Gameday-PITCHf/x changes for 2010

Every year brings changes and improvements to MLBAM’s Gameday application, and many of them have some bearing on PITCHf/x and related analysis. Let me share with you the differences I’ve noticed so far in 2010.

First, Cory Schwartz of MLBAM notified some of us in February that some redundant information was going to be removed from the directory structure.

Folks, just wanted to give you a heads-up that we are deprecating the individual batter and pitcher .xml files published under these directories:
http://gd2.mlb.com/components/game/mlb/year_$YEAR/month_$MONTH/day_$DAY/gid_*/pbp/batters/
http://gd2.mlb.com/components/game/mlb/year_$YEAR/month_$MONTH/day_$DAY/gid_*/pbp/pitchers/

If you’re using any data in those files you should be able to get it from other files in the gd2 directories, but we no longer need or use these for any of our internal purposes or products.
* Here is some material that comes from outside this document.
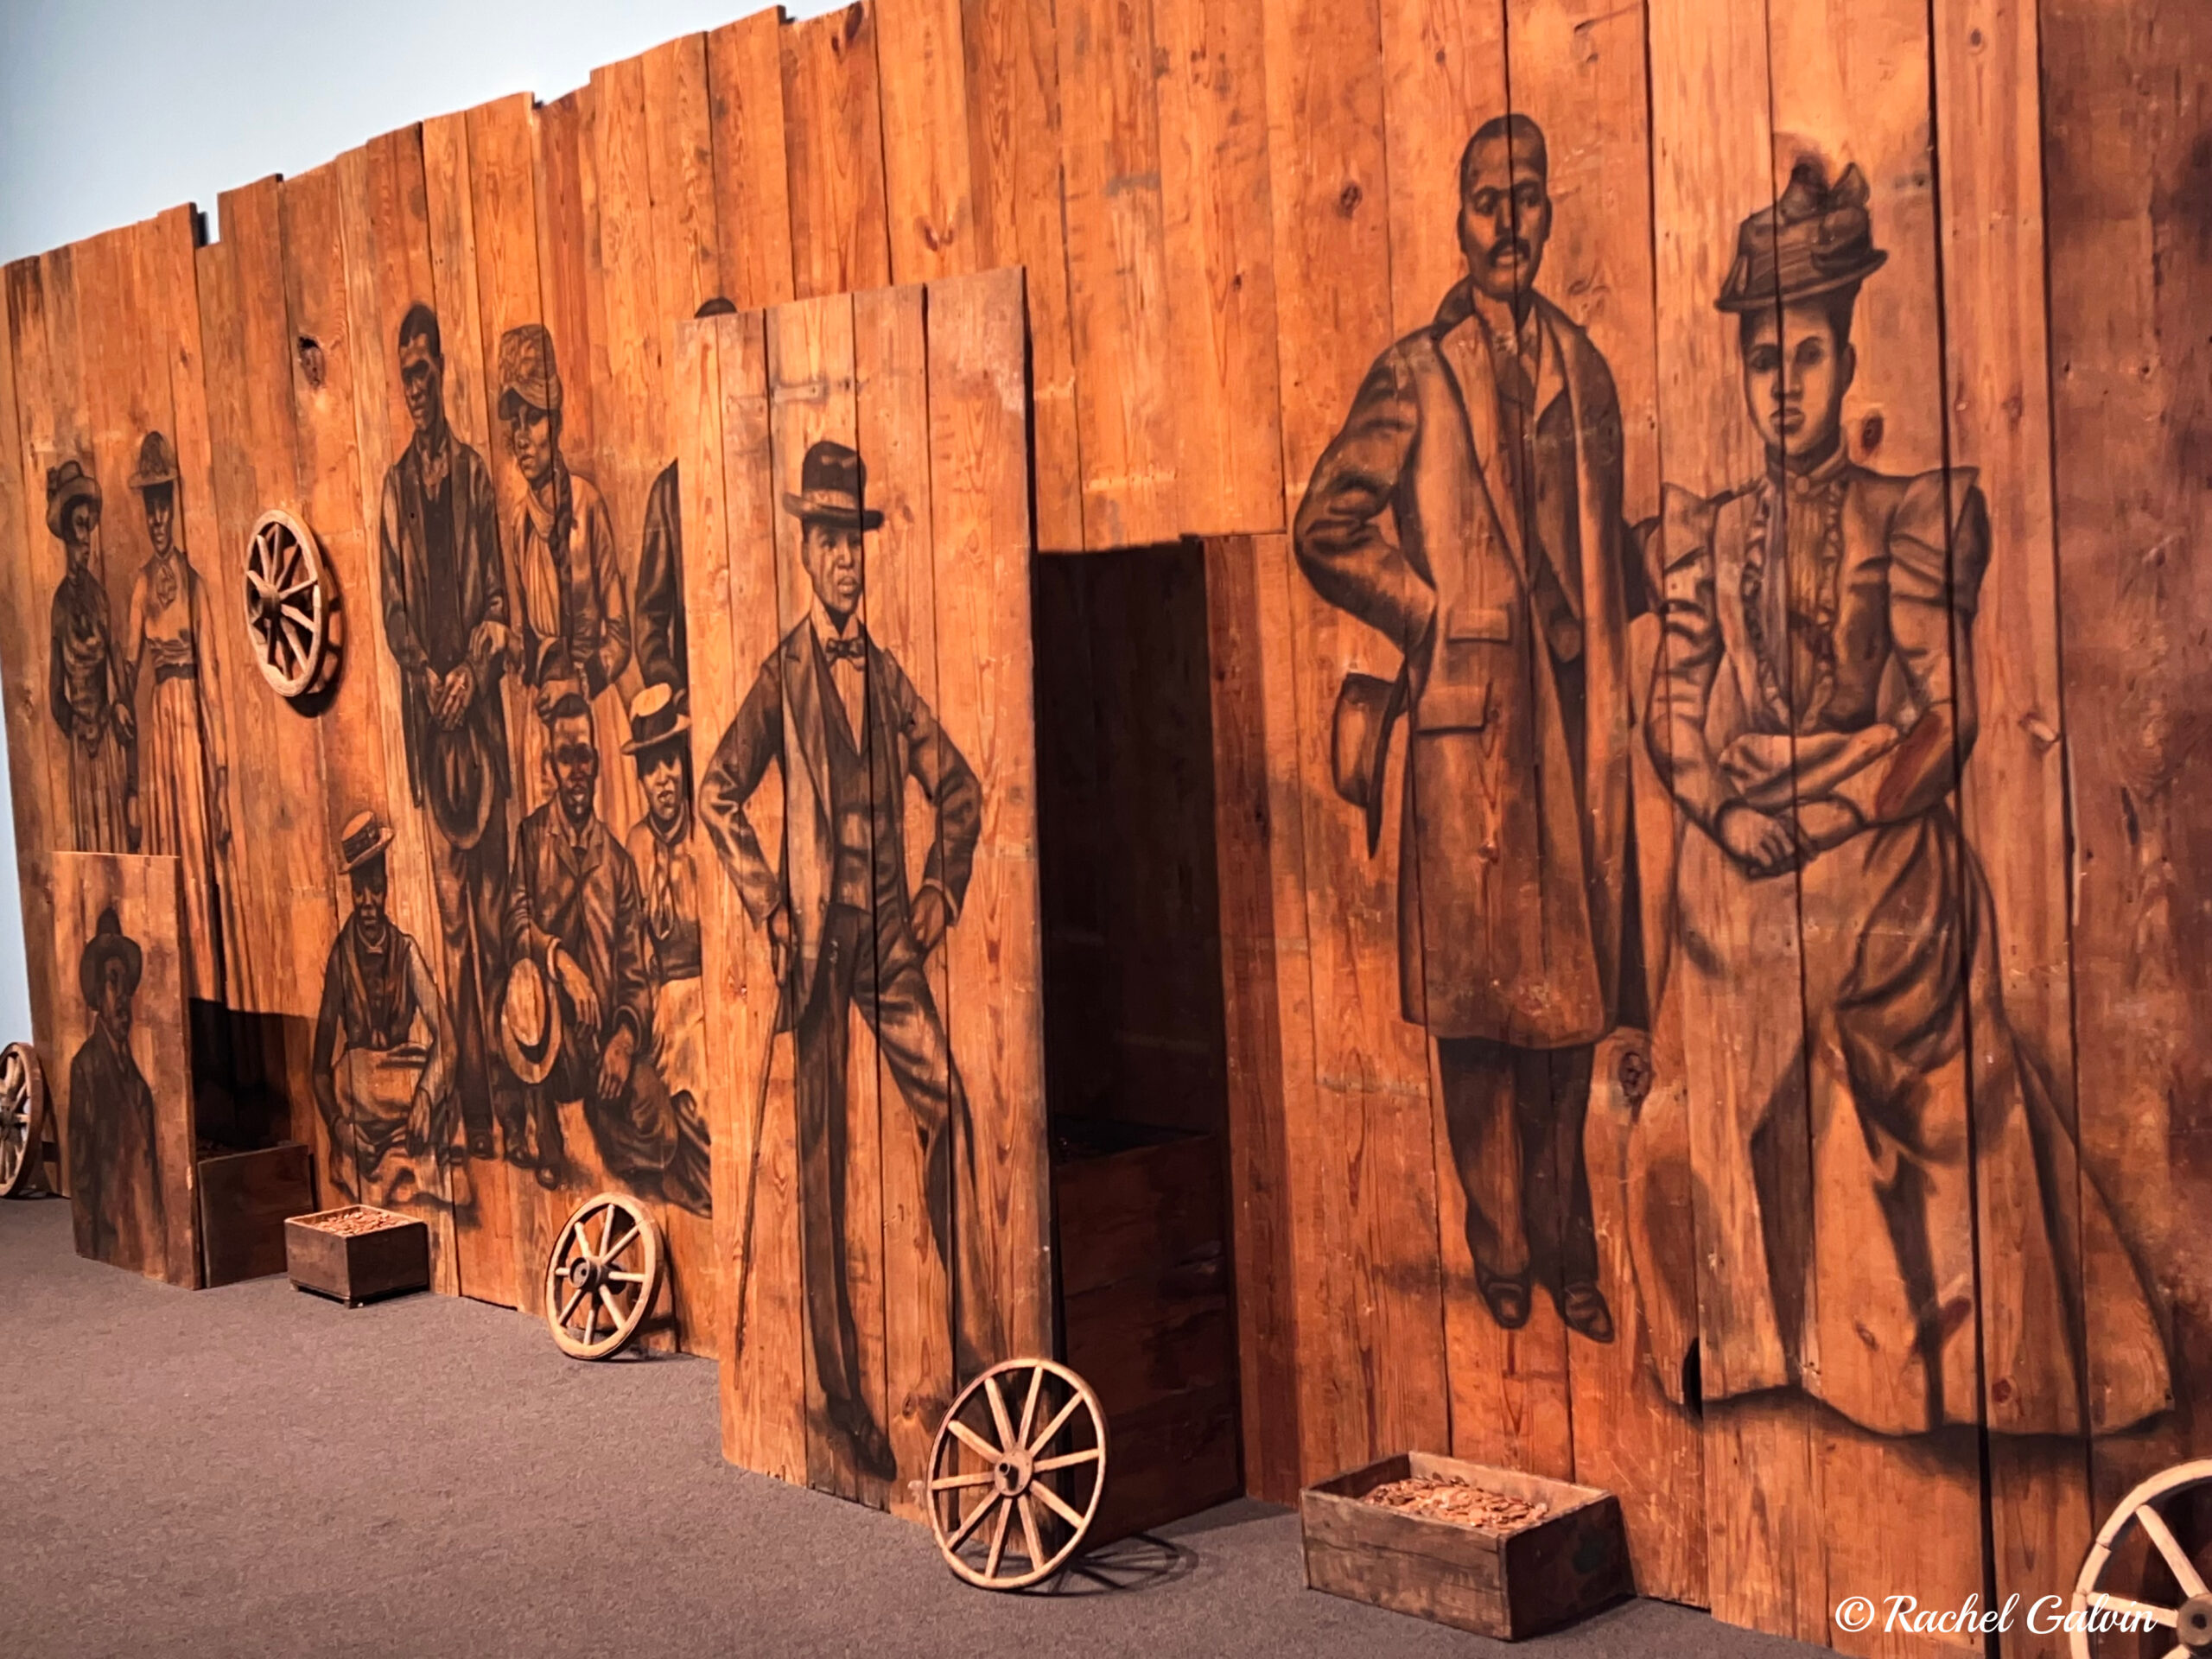 Stories Retold: Artist Whitfield Lovell’s “Passages” gives new life to history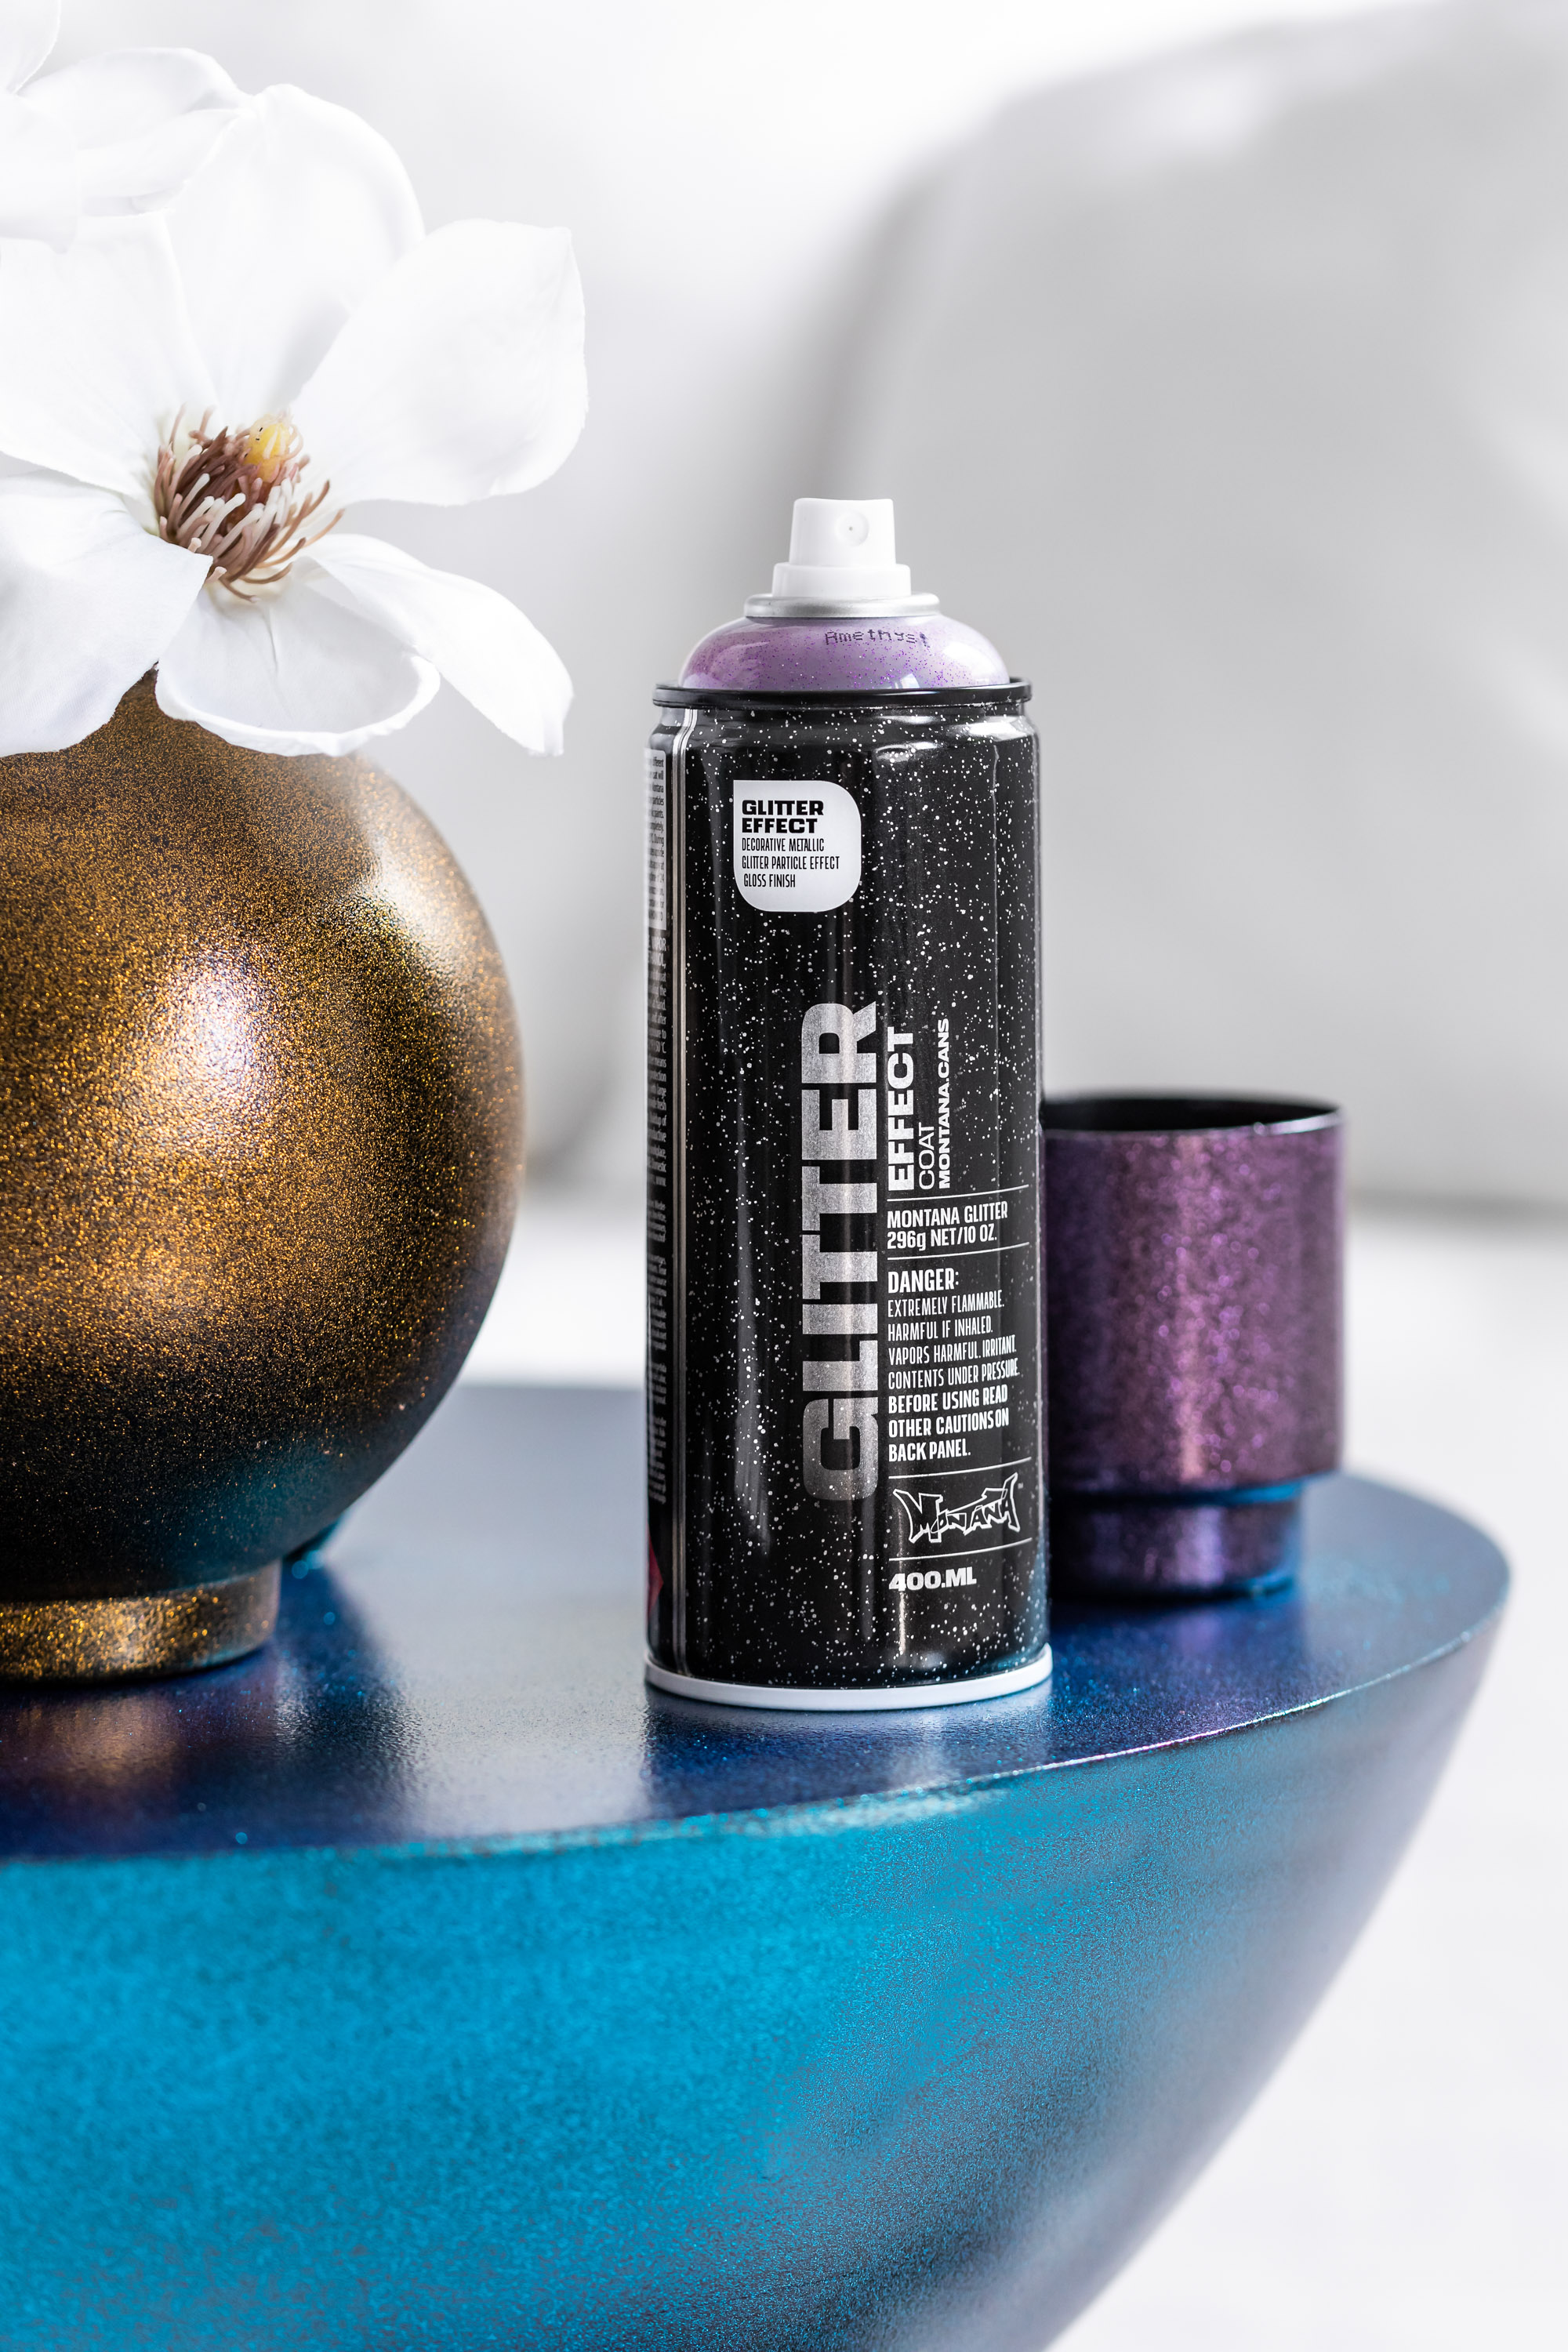  Customer reviews: Montana Cans Montana Effect 400 ml Hologram  Glitter Color, Clear Spray Paint

In addition, we are deleting the 2008 and 2009 files from our servers to free up the disc space for other content.

Fortunately, Dan Brooks has been able to adapt his site to the new structure for 2010.

Ross Paul shared that he would be deploying pitcher-specific neural nets for MLBAM’s pitch classification.

The Gameday PITCHf/x data also has a few new fields this year. In the at bat element, there is a new field called “start_tfs”. This is a time stamp in the Eastern Time Zone. It matches up more closely with the accurate actual time than does the sv_id time stamp, which can be a few minutes off. Cory tells me that this field wasn’t intended for analysis and is used internally by MLBAM. Speculation is that this field may be used for syncing up the Gameday data with other data sources, such as video. Since it’s there in the data, I wouldn’t be surprised if someone finds an analytical use for it, too.

The pitch element has three new fields: “nasty”, “zone”, and “cc”. The zone field appears to correspond to the location of the pitch based on the boxes into which the Gameday app divides the strike zone for its hot/cold zone graphics. The “cc” field is a comment field that appears to my highly-trained eye to be auto-generated, probably also based on the hot/cold zone information that MLBAM tracks. Here are some examples of the sparkling wit and insight produced by the auto-commenter:

A.J. Burnett didn’t read the scouting report; Adrian Beltre loves four-seam fastball in that zone.
A.J. Burnett didn’t read the scouting report; Jacoby Ellsbury loves sinker in that zone.
A.J. Burnett didn’t read the scouting report; Victor Martinez loves four-seam fastball in that zone.
Tim Lincecum has thrown 75 pitches; he holds opposing hitters to a .000 average in the first 75 pitches and .000 after that.
Vicente Padilla didn’t read the scouting report; Jeff Clement loves curveball in that zone.
Vicente Padilla didn’t read the scouting report; Lastings Milledge loves four-seam fastball in that zone.

(Apparently Ted Williams was right.)

The “nasty” field is presumably a crude attempt to calculate how hard to hit a particular pitch was, on a scale of 0-100. My initial cursory look at the data indicates that they are calculating the “nasty” factor mostly based on the location of the pitch, a linear calculation of how close it is to the edges and away from the heart of the zone. For the fastball, MLBAM does not appear to be including anything related to the movement or speed of the pitch into the “nasty” factor. For the curveball, they appear to be rating sweeping curveballs as significantly more nasty than 12-to-6 curveballs. Anyway, I’m not sure that any of this matters as more than a curiosity. As a sabermetric community we have much better approaches available for measuring the nastiness of a pitch.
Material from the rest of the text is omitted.